Gelsemium il rimedio per l’ansia anticipatoria

Gelsemium Sempervirens è il gelsomino selvaggio, pianta rampicante della famiglia delle Loganacee, è caratterizzato dalla presenza di diversi alcaloidi come la Gelsemina, la Gelsemicina e la Sempervirina.

L’intossicazione con questi alcaloidi determina a livello del sistema nervoso periferico nevralgie e tremori, mentre a livello del sistema nervoso centrale (SNC) determina scoordinazione mentale. Queste sostanze provocano anche una eccitazione di base  con insonnia e tachicardia. A livello delle mucose si registrano fenomeni infiammatori intestinali e respiratori.

Gelsemium è il rimedio della debolezza su tutti i fronti, debolezza che a livello emotivo si esprime come paura, incapacità di affrontare qualsiasi tipo di sfida, il soggetto soffre in previsione dell’evento da affrontare con segni di disfunzionalità come tremori, debolezza agli arti, diarrea, bisogno di urinare.

In natura si assiste ad una strategia di difesa denominata Tanatismo che molto ha in comune con l’atteggiamento del soggetto Gelsemium, questa strategia prevede la paralisi di fronte alla minaccia di un possibile predazione, è una mossa che disorienta il predatore dato che, istintivamente, sono considerate prede tutto ciò che fugge. Gelsemium in forma omeopatica diventa il rimedio d’elezione per tutto ciò che paralizza, un esempio classico l’ansia che blocca lo studente prima di un esame.
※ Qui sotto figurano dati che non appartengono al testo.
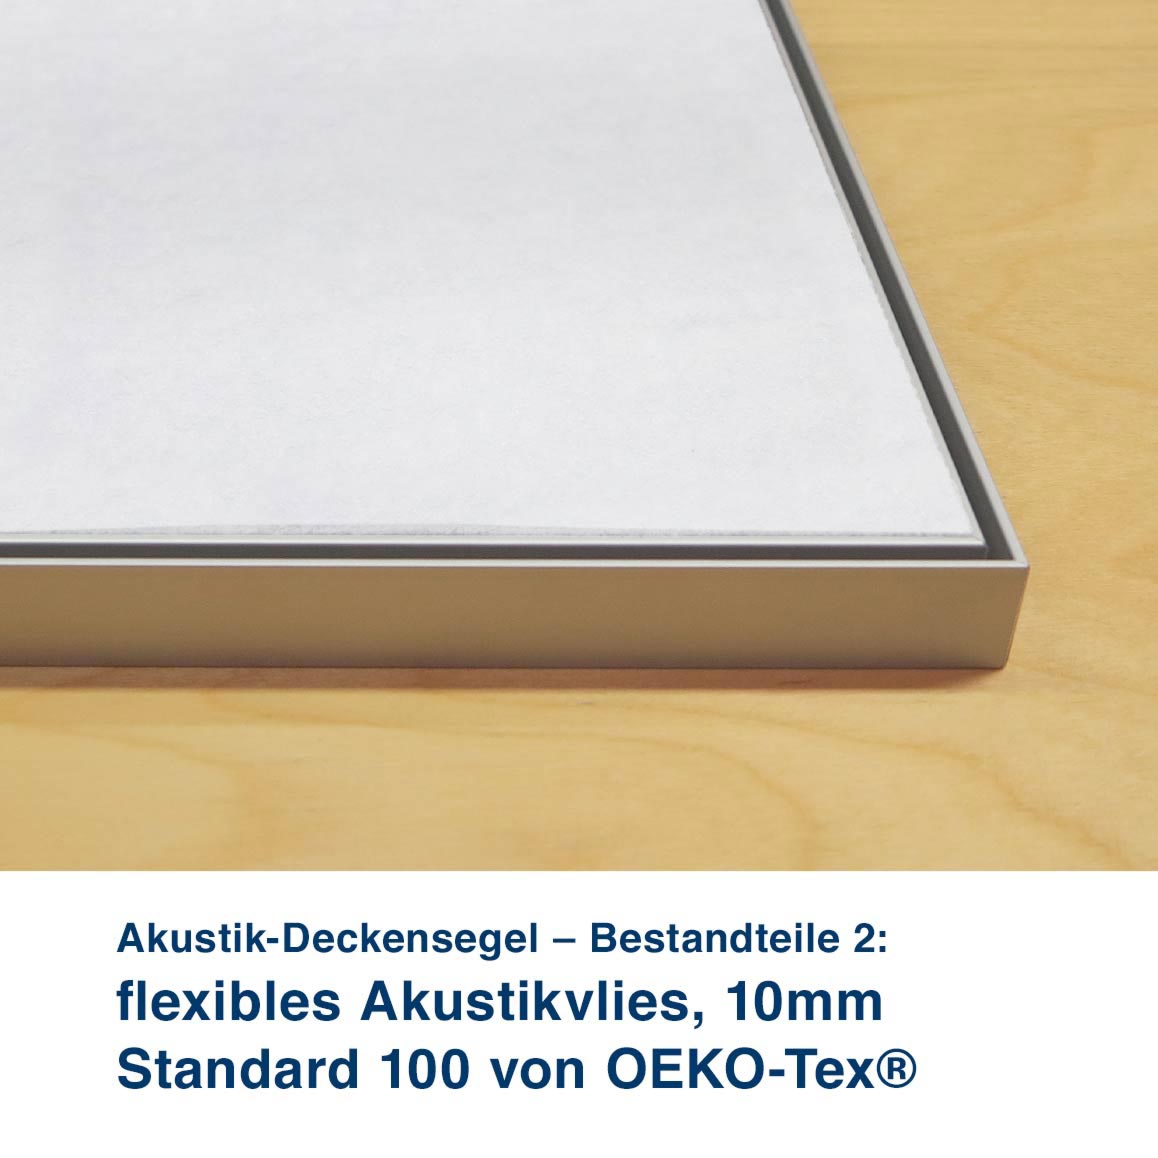 Akustik-Deckensegel – Bestandteile 2:  flexibles Akustikvlies, 10mm  Standard 100 von OEKO-Tex® feste Akustikplatte, 18mm

le sintomatologie più frequenti di Gelsemium sono  le seguenti

  • Mancanza di fiducia in sé, timidezza
  • Ansietà per il futuro, per le scadenze
  • Paura della morte
  • Febbre preceduta da brividi
  • Cefalea occipitale con senso di pesantezza agli occhi
  • Diarrea da spavento
  • Ha paura che il cuore si fermi improvvisamente e per questo a volte si muove in continuazione
  • Brividi, tremori, paralisi alle estremità
  • Insonnia in attesa di un evento
  • Debolezza generale, non sopporta gli sforzi sia fisici che mentali

Il rimedio ha un vasto campo di applicazione, è utilizzabile sia in patologie acute come stati influenzali, stati d’ansia prima di un evento, che in situazioni croniche di stanchezza, depressione, adinamia, cefalee continue, tutte aventi come caratteristica comune la debolezza di fondo del soggetto. Come sempre l’opportunità di ricorrere o meno a questo rimedio sarà discrezione del terapeuta abilitato.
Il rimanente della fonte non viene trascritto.